Literature DB >> 15262983

Inhibition of JNK2 disrupts anaphase and produces aneuploidy in mammalian cells.

Rebecca A MacCorkle1, Tse-Hua Tan.   

Abstract

The JNK family members JNK1 and JNK2 regulate tumor growth and are essential for transformation by oncogenes such as constitutively activated Ras. The mechanisms downstream of JNK that regulate cell cycle progression and transformation are unclear. Here we show that inhibition of JNK2, but not JNK1, with either a dominant-negative mutant, a pharmacological inhibitor, or RNA interference caused an accumulation of mammalian cells with 4N DNA content. When observed by immunofluorescence, these cells progressed to metaphase without apparent defects in spindle formation or chromosome alignment to the metaphase plate, suggesting that the 4N accumulation is a result of postmetaphase defects. Consistent with this prediction, when JNK activity was suppressed, we observed defects in central spindle formation and chromosome segregation during anaphase.

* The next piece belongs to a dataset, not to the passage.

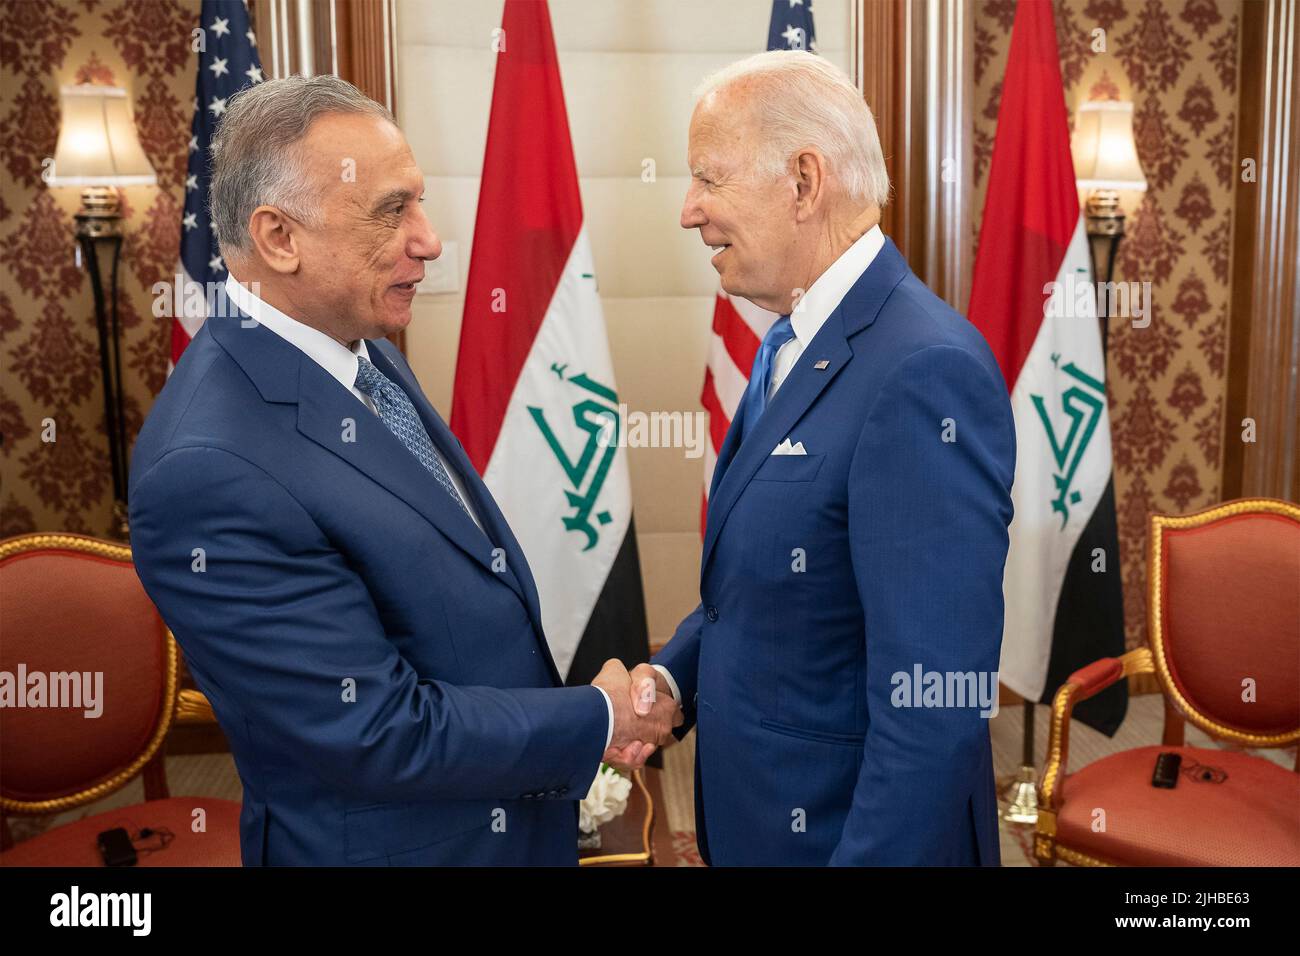 Jeddah, Arabia Saudita. 16th de julio de 2022. Joe Biden, presidente de Estados Unidos, saluda al primer ministro iraquí Mustafa Al-Kadhimi, que salió, antes del comienzo de una reunión bilateral cara a cara, al margen de la Cumbre de Seguridad y Desarrollo de Jeddah, el 16 de julio de 2022 en Jeddah, Arabia Saudita. Crédito: Adam Schultz/White House Photo/Alamy Live News Foto de stock
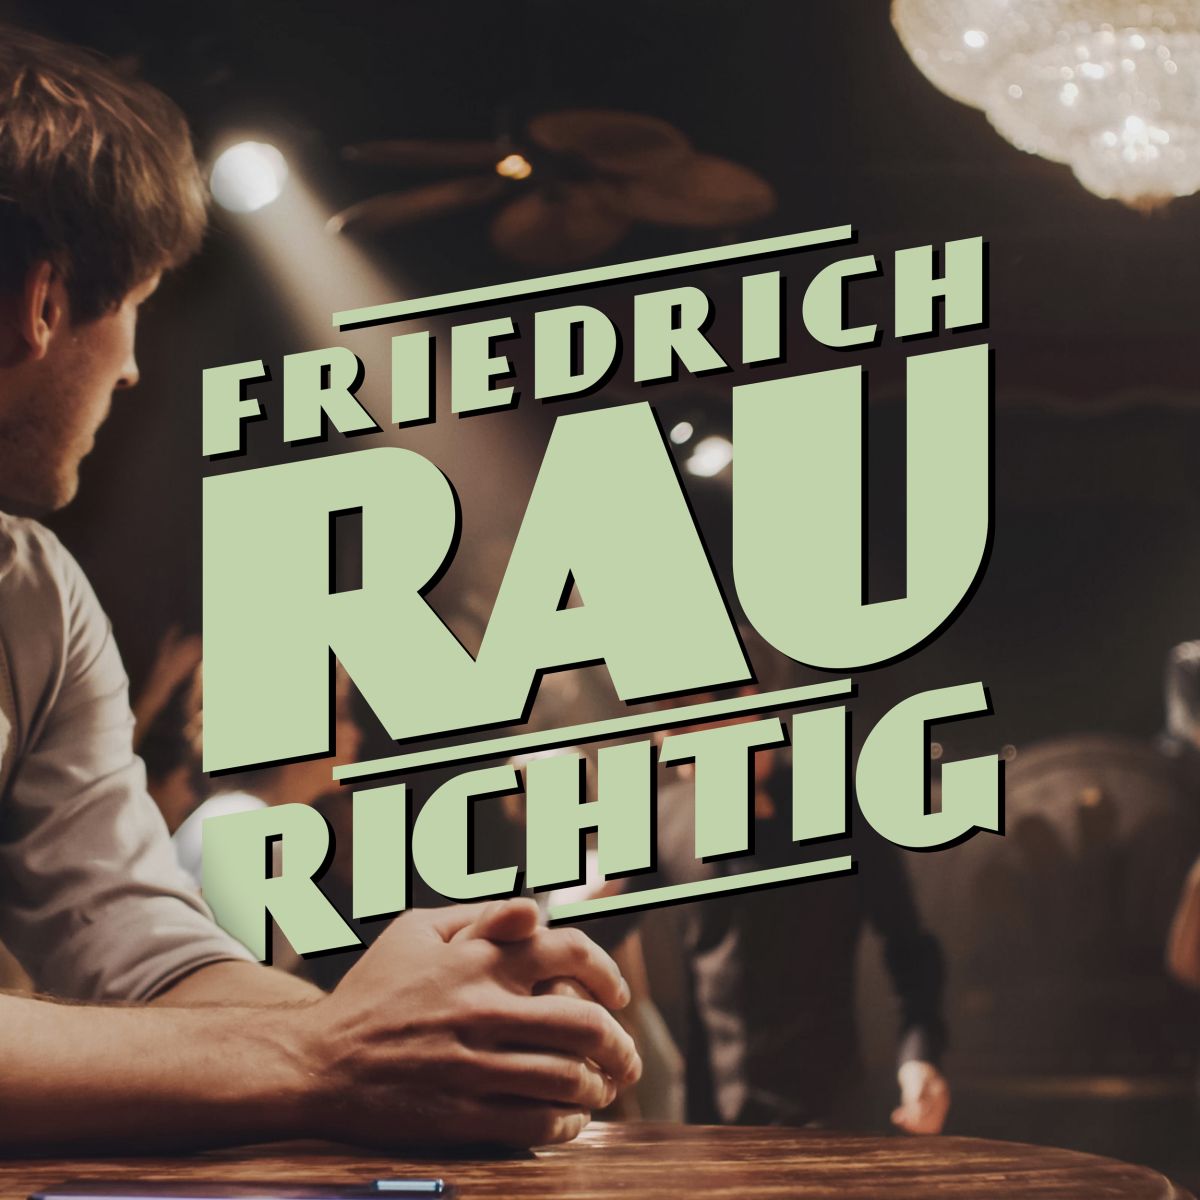 8ff89376d072f546d093af32c351dcc8_XL Friedrich Rau präsentiert seine neue Single "RICHTIG" - musicalradio.de | Musicals kostenlos im Radio

In contrast, cyclin-dependent kinase 1 activity, cyclin B1 protein, and Polo-like kinase 1 protein turnover remained intact when JNK was inhibited. In addition, continued inhibition of JNK activity did not block reentry into subsequent cell cycles but instead resulted in polyploidy. This evidence suggests that JNK2 functions in maintaining the genomic stability of mammalian cells by signaling that is independent of cyclin-dependent kinase 1/cyclin B1 down-regulation.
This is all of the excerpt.